Interplay between coding and exonic splicing regulatory sequences.
- Bioinformatics and Modelling
The inclusion of exons during the splicing process depends on the binding of splicing factors to short low-complexity regulatory sequences. The relationship between exonic splicing regulatory sequences and coding sequences is still poorly understood. We demonstrate that exons that are coregulated by any given splicing factor share a similar nucleotide composition bias and preferentially code for amino acids with similar physicochemical properties because of the non-randomness properties of the genetic code.

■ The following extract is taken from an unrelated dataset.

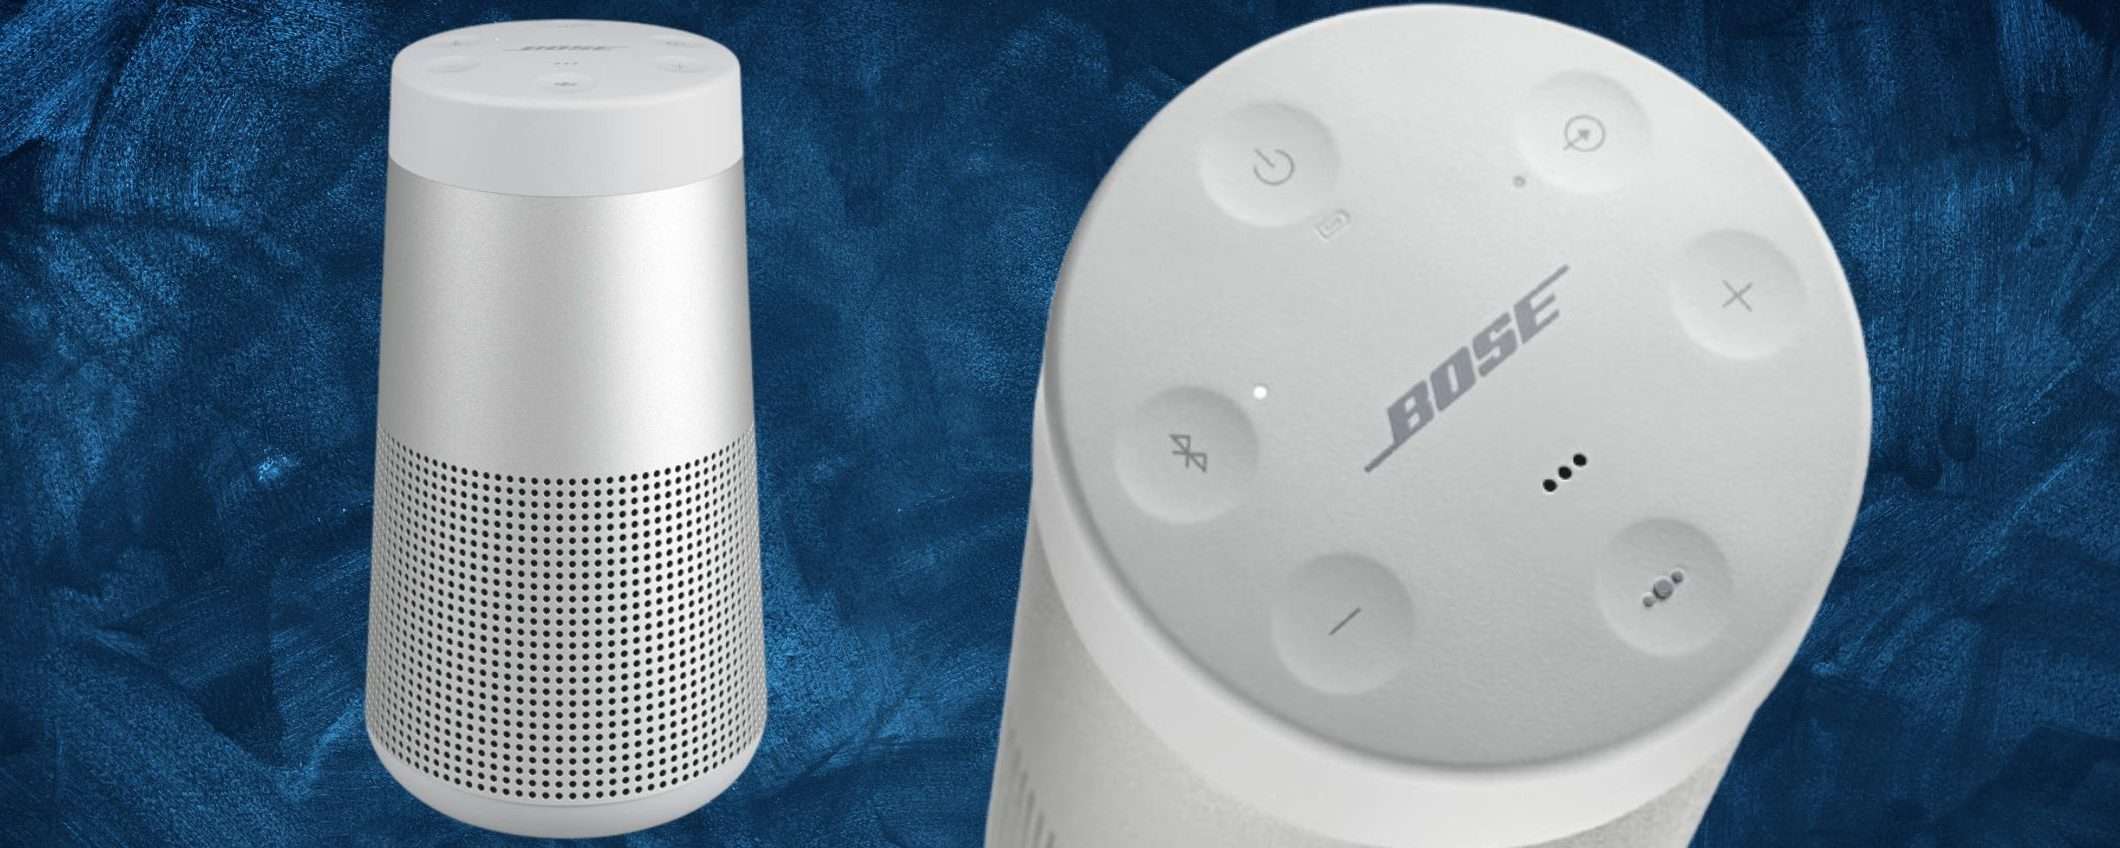 Bose SoundLink Revolve II CROLLA su Amazon: suono PREMIUM prezzo accessibile
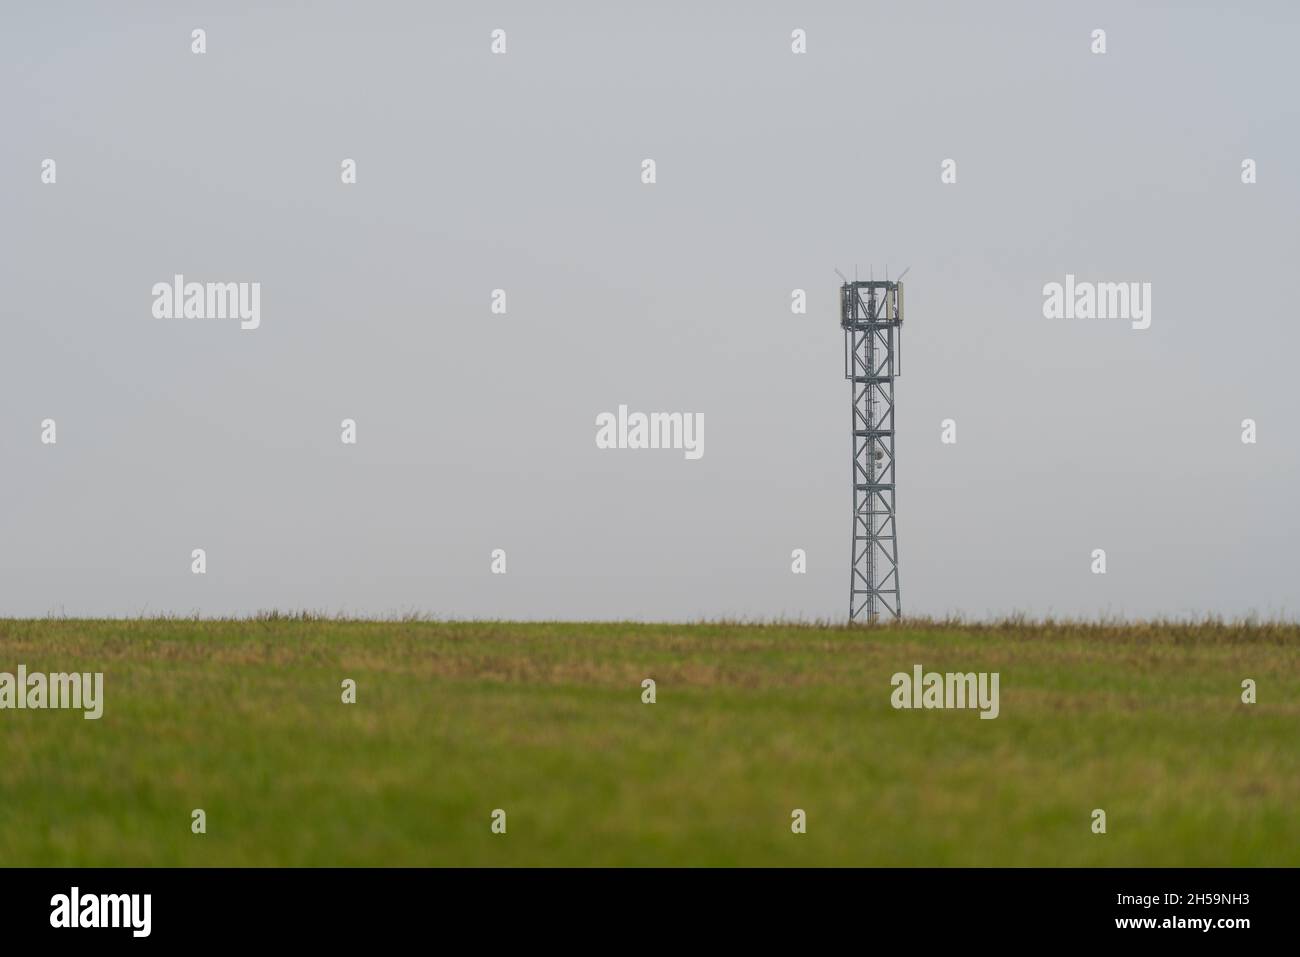 Mástil de antena de torre celular móvil que proporciona conexión móvil a Internet para el área rural que se encuentra en un campo estéril vacío en un día de color gris oscuro y oscuro Foto de stock

Indeed, amino acids sharing similar physicochemical properties correspond to codons that have the same nucleotide composition bias. In particular, we uncover that the TRA2A and TRA2B splicing factors that bind to adenine-rich motifs promote the inclusion of adenine-rich exons coding preferentially for hydrophilic amino acids that correspond to adenine-rich codons. SRSF2 that binds guanine/cytosine-rich motifs promotes the inclusion of GC-rich exons coding preferentially for small amino acids, while SRSF3 that binds to cytosine-rich motifs promotes the inclusion of exons coding preferentially for uncharged amino acids, like serine and threonine that can be phosphorylated. Finally, coregulated-exons encoding amino acids with similar physicochemical properties correspond to specific protein features. In conclusion, the regulation of an exon by a splicing factor that relies on the affinity of this factor for specific nucleotide(s) is tightly interconnected with the exonic encoded physicochemical properties. We therefore uncover an unanticipated bidirectional interplay between the splicing regulatory process and its biological functional outcome.